CLEVELAND — Dr. Susan Albers, Cleveland Clinic psychologist and New York Best-Selling Author on mindfulness, said there are five foods and two spices that can have a major impact on your mood.

"We used to think that there was a one way direction between food and mood — how we feel impacted what we eat. Now we know that there is a bi-directional relationship. What we eat impacts how we feel and how we feel impacts what we eat," said Albers. 

1. Mandarin Oranges

"My No. 1 favorite food for stress and depression is mandarin oranges. When you are feeling really depressed, your body is pumped full of cortisol and your immune system takes a hit. Mandarin oranges have a fantastic dose of vitamin C, and you need this when you're feeling stressed. Also, studies have shown that the scent of mandarin oranges are calming," Albers said.

2. Walnuts

"If there is one food that is going to help your entire body and mood, it is walnuts.
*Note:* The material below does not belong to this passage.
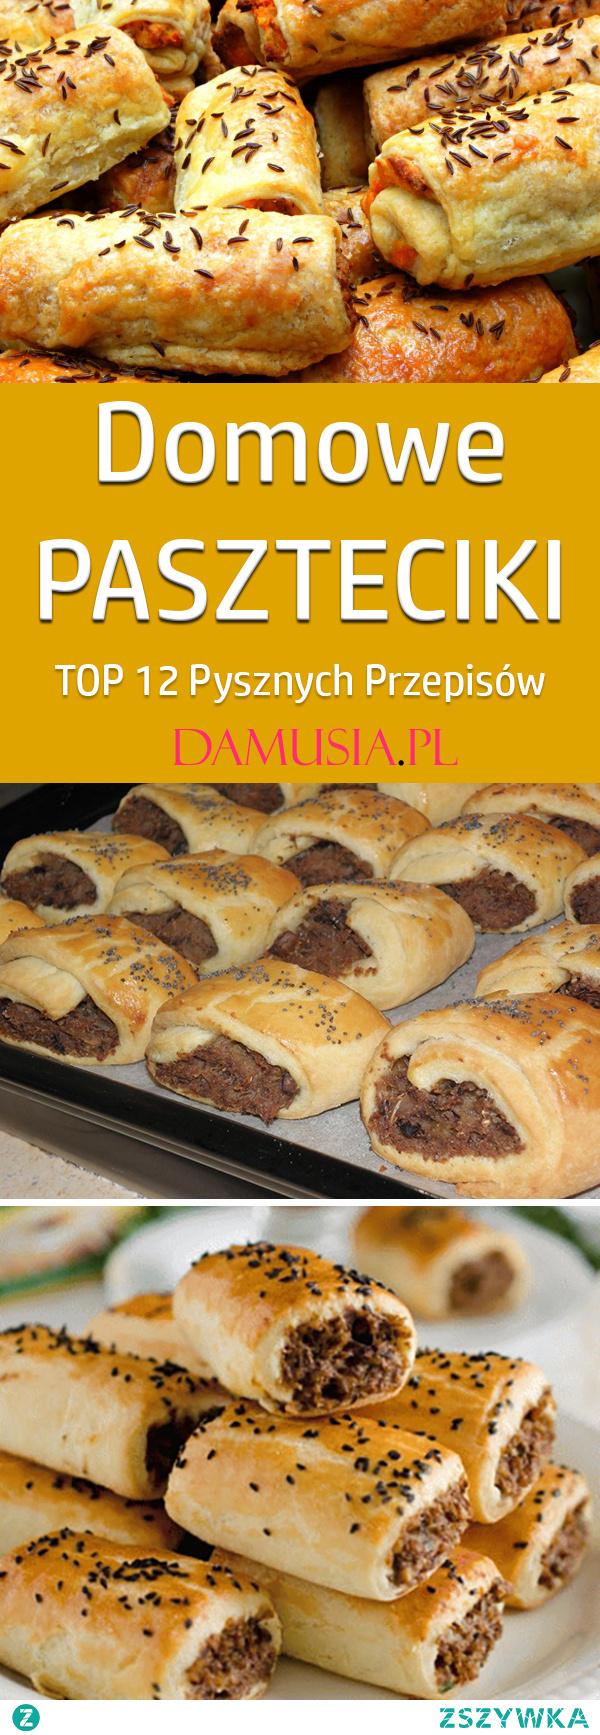 TOP 12 Pysznych Przepisów na Domowe Paszteciki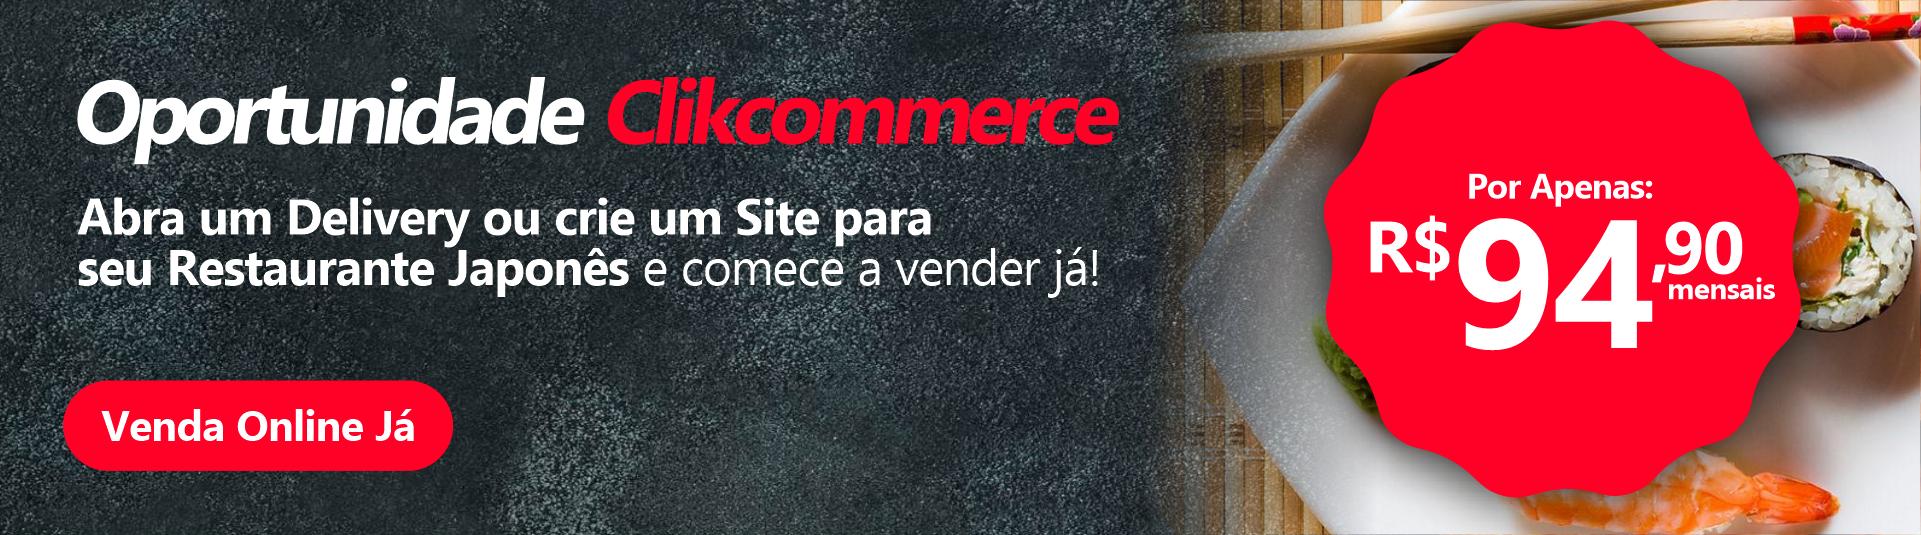 Clikcommerce Banner Blog 1920px

Consider eating a handful of walnuts every single day. They are filled with Omega-3, and Omega-3 is helpful for our memory, our cognition and our mood. They are full of melatonin, and that helps you to sleep, so if you're feeling anxious, oftentimes, it is difficult to sleep."

3. Mushrooms

"There is a significant correlation between depression and low vitamin D levels. One of the very best sources of vitamin D are mushrooms, particularly wild mushrooms. They grow outside, so they absorb the sunlight."

4. Pumpkin Seeds

"Pumpkin seeds are one of the world's best sources of magnesium. Magnesium has been shown to be correlated with anxiety. People who have low magnesium also experienced a great deal of anxiety because magnesium helps to bind to receptors that are calming and they block receptors and neurotransmitters that are more energizing. Unfortunately, about 79% of the world is low in magnesium. So if you're experienced anxiety, try pumpkin seeds." 

5. Brazil Nuts

"A recent study found that eating just two Brazil nuts every single day can increase your Selenium. Selenium is an important mineral that's involved in our thyroid and our thyroid runs everything in our body, from our mood to our temperature to our sleep habits. So eating just two Brazil nuts is as effective as taking a supplement, so that's worth the investment.

6. Cinnamon

"Cinnamon is helpful in regulating blood sugar. Now when our blood sugar is low, that's when we feel really angry and anger is a really clear example of that connection between our mood and food, so sprinkle cinnamon on everything — put it in your coffee, on cereal, yogurt (or) in stews. It is a great spice and everybody loves it

7. Turmeric

"Turmeric has been shown in a recent study to be as effective as Prozac in helping to manage mood."

Albers wants people to think about how food can change their lives for the better. 

"People focus on reducing food in their lives and taking things off of their plate," said Albers, "Instead, think about what you can add each day. What is one food that you can add that is going to help your mood and your health?"